The Structure of Magic
- The Structure of Magic I: A Book About Language and Therapy The Structure of Magic II: A Book About Communication and Change
- Author: Richard Bandler; John Grinder
- Country: United States
- Language: English
- Discipline: Communication
- Publisher: Science and Behavior Books
- Published: 1975–1976
- No. of books: 2

= The Structure of Magic =

1970s book series

The Structure of Magic is a two-volume book series (1975, 1976) by John Grinder and Richard Bandler, co-founders of neuro-linguistic programming (NLP), which is considered a pseudoscience. The series explores how humans construct internal models of the world through language and nonverbal communication. They introduce a process of modeling, through which the authors sought to identify the replicable patterns of thought, language, and behavior modeled from "outstanding psychotherapists", namely Fritz Perls (Gestalt therapy) and Virginia Satir, a family systems therapist.
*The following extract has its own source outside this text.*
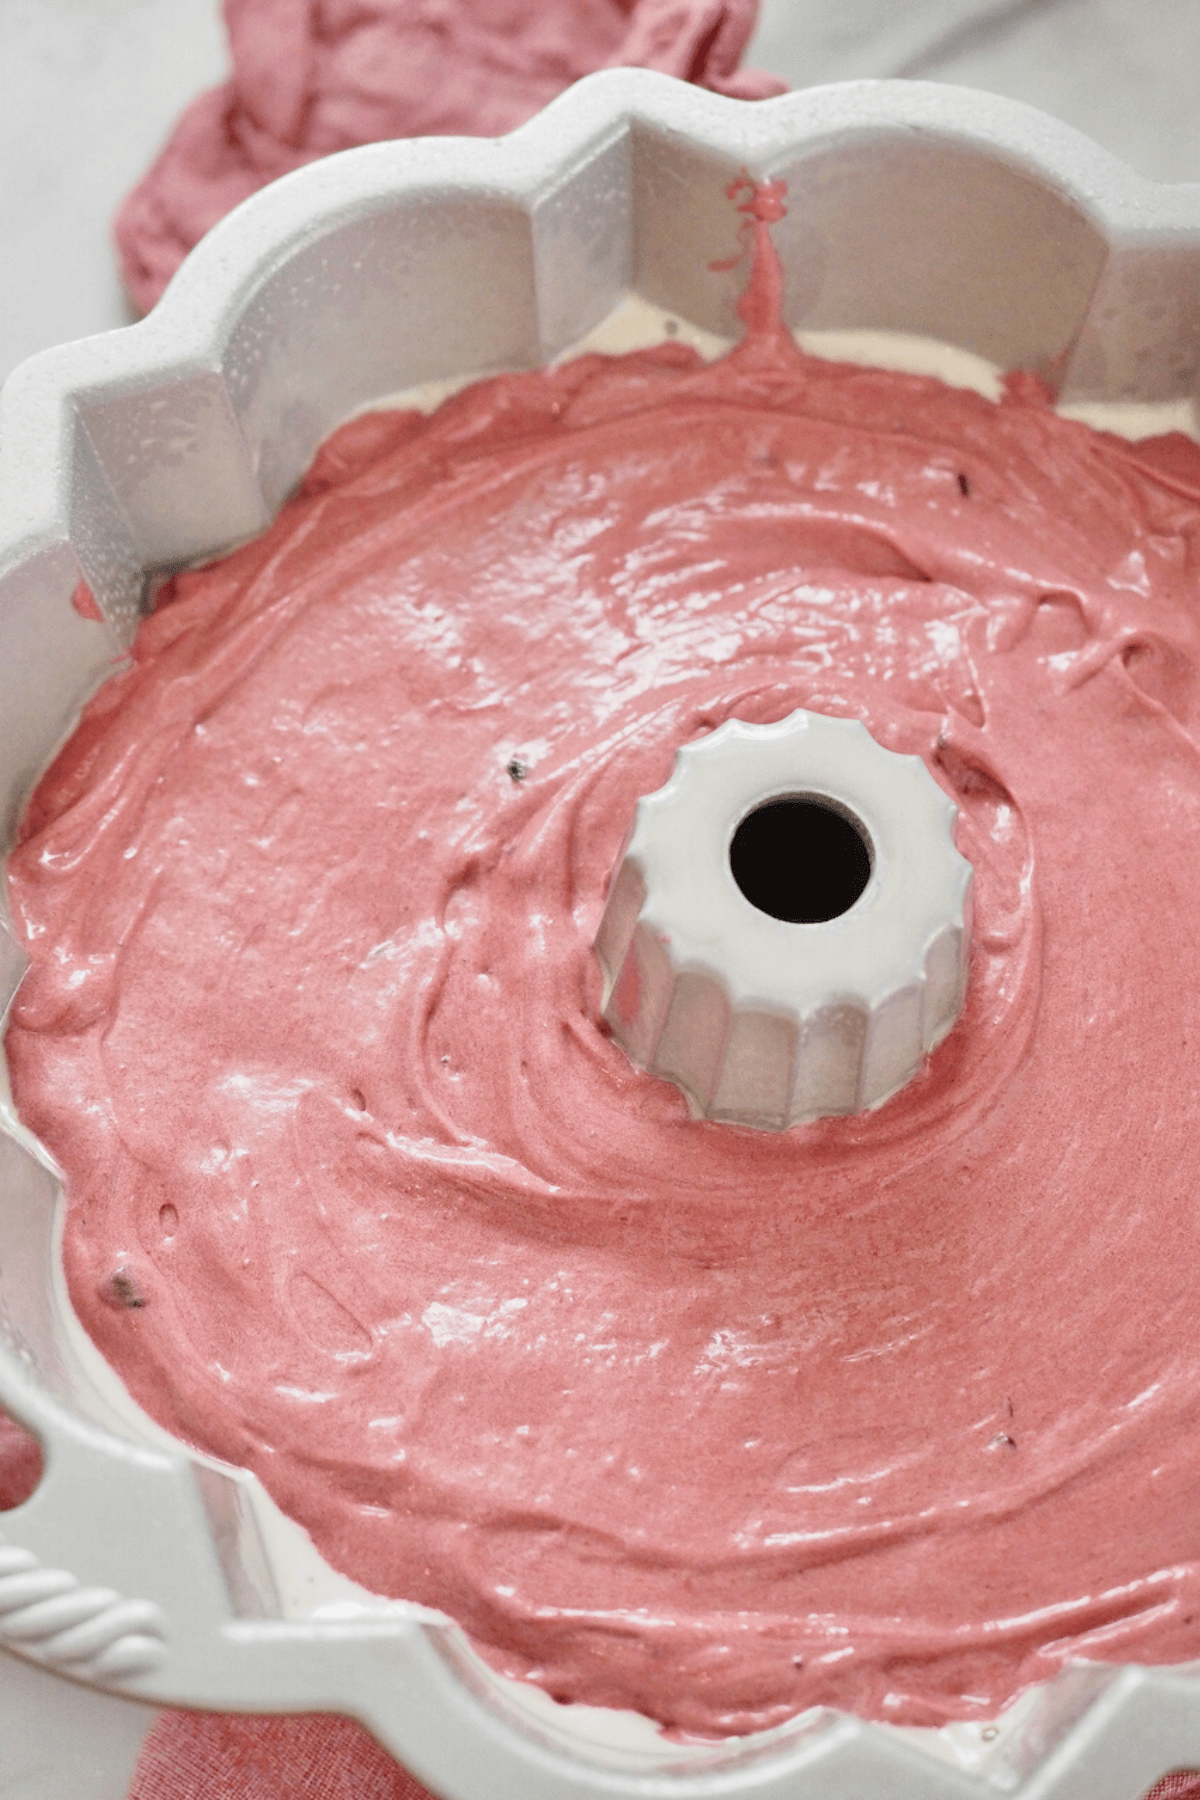 Smoothed red velvet cake batter in bundt pan.

The foreword to the first volume was written by Virginia Satir and the introduction by Gregory Bateson.

According to psychiatrist Robert S. Spitzer, after months of careful listening and transcribing Fritz Perls and Virginia Satir working with clients, Bandler began to incorporate the speech patterns and mannerisms of these therapists into his own communication. The Structure of Magic presents a formal model of linguistic patterns intended to make those patterns explicit and learnable.